Is loss of smell common?
Research suggests that about 13.3 million adults in the United States suffer from a wide range of smell disorders, and that 3.4 million people have severe impairment or complete loss of their sense of smell. These numbers were drawn from studies conducted before the coronavirus pandemic, and thus greatly underestimate the number of people who currently suffer from smell disorders.
“Despite the fundamental importance of smell to quality of life and the high prevalence of smell loss, there are currently no objective, user-independent methods for assessing smell, either clinically or in animals or humans in research,” said Doreen Adelby, MD, assistant professor in the Department of Otolaryngology-Head and Neck Surgery at the Medical University of South Carolina in Charleston, South Carolina. “We sought to explore a new method for diagnosing smell loss using a specific fluorescent imaging agent, called Tsp1a-IR800P.”
Some chemicals have the ability to emit visible light after absorbing radiation that is not normally visible, such as ultraviolet light, a process known as fluorescence.
Olfaction and voltage-gated sodium channels
Voltage-dependent sodium channels are a type of small membrane proteins that are widely distributed on the membranes of excitable cells such as neurons, and are primarily responsible for the transport of sodium across the membrane.
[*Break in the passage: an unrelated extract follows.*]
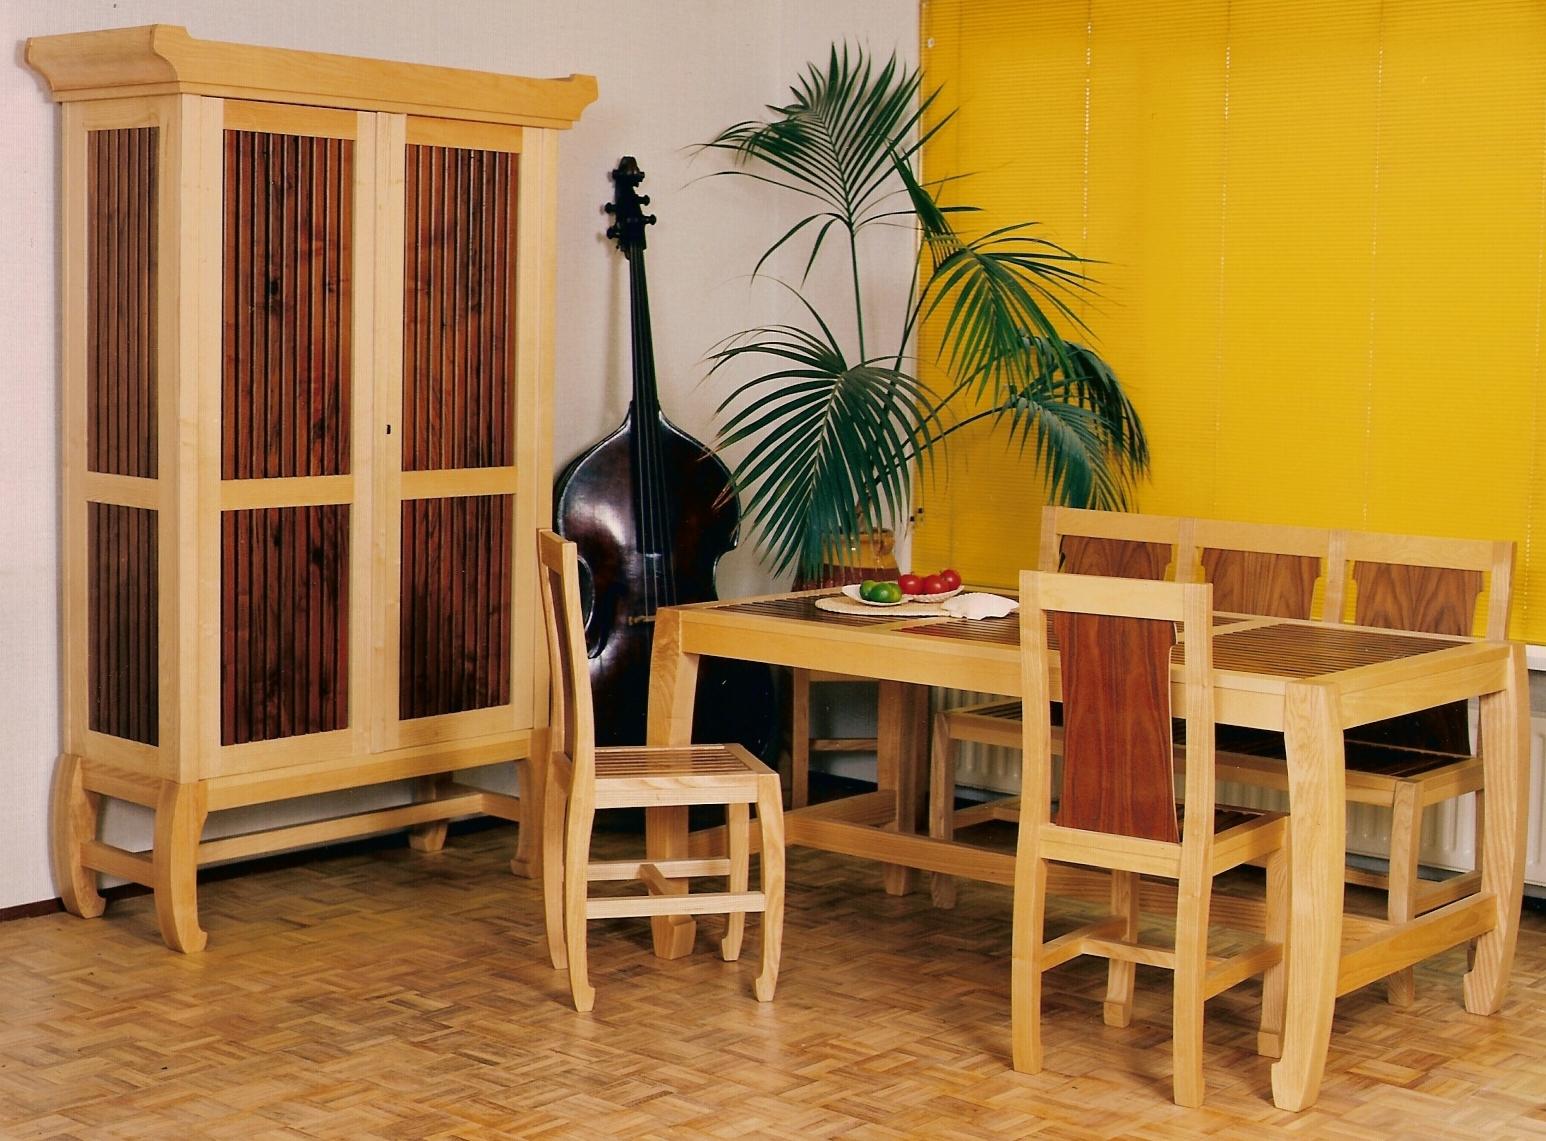 Tafels, stoelen, kast

Voltage-dependent sodium channels are the most important ion channels for neurons to generate excitation and carry out normal physiological functions. To date, 10 subtypes of voltage-dependent sodium channels have been successfully identified in mammals, and 10 of them have been discovered so far, and they have been named with serial numbers from 1.1 to 1.9, in addition to channel number 10.
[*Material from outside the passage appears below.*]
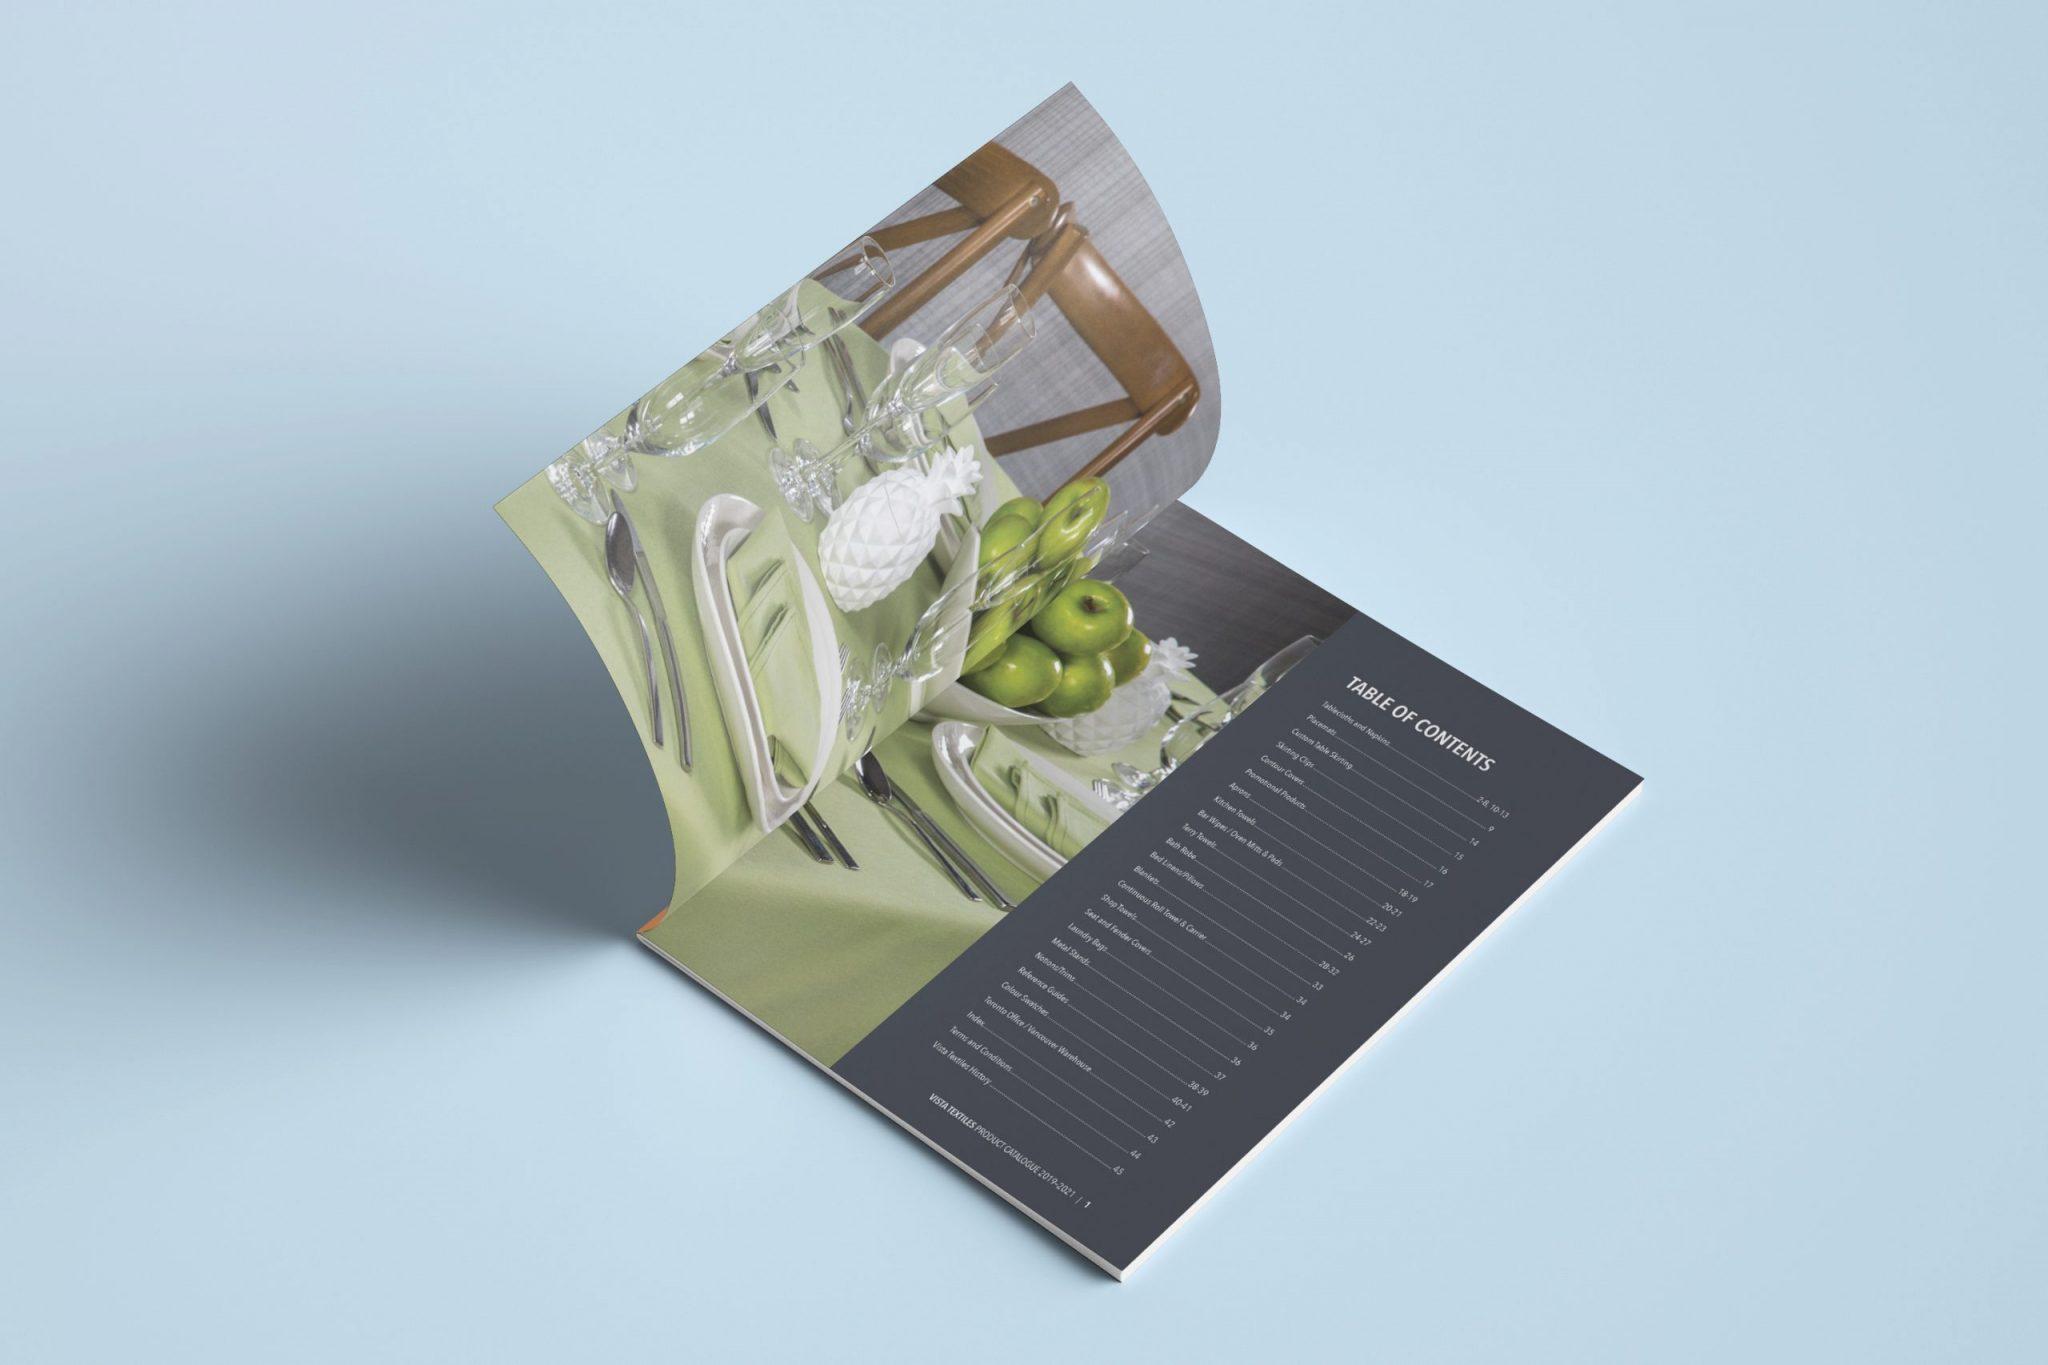 vista-textiles-catalog-spread-2

The fluorescent imaging agent used in the study targets voltage-dependent sodium channels 1.7 (Nav1.7), which play a critical role in olfaction by helping to transmit signals to the olfactory bulb. To determine the expression of voltage-dependent sodium channels 1.7, the researchers injected and imaged mice with the fluorescent agent. The experiment was conducted in mice with a normal sense of smell and in mice that had been chemically induced to lose smell. Additional imaging studies were also performed on olfactory epithelial tissue from non-human primates, the olfactory epithelium of hamsters infected with the novel coronavirus, and the cadavers of humans who had previously been diagnosed with the virus and died from it.
If you lose your sense of smell, the material will not light up.
The results of the study, published in Journal of Nuclear Medicine Last July 3, the voltage-dependent sodium channel 1.7 was highly expressed in people with a normal sense of smell, while in people with anosmia, the expression of voltage-dependent sodium channel 1.7 was significantly reduced, as shown by the fluorescence signal. It was also observed that the decrease in signal intensity was proportional to the degree of damage, which means that low fluorescence signals may indicate anosmia, and high signals may indicate a response to treatment and restoration of the sense of smell.
The study's authors noted, according to the website, Youre AlertThis fluorescent agent can be used in the doctor's office using an endoscope to diagnose smell disorders, and can also be immediately applied in preclinical studies on animal models (where objective, non-invasive tools are lacking) to evaluate the effectiveness of pharmacological interventions that restore the sense of smell, thus helping to develop new treatments.
“Early detection of olfactory disorders could lead to early interventions that may treat or slow the progression of the disease, improving patients’ quality of life,” added Naga Vara Kishore Pillarsetti, MD, professor in the Department of Radiology at Memorial Sloan Kettering Cancer Center in New York. “This innovation could lead to the development of similar imaging agents for other sensory and neurological disorders, expanding the scope of molecular imaging.”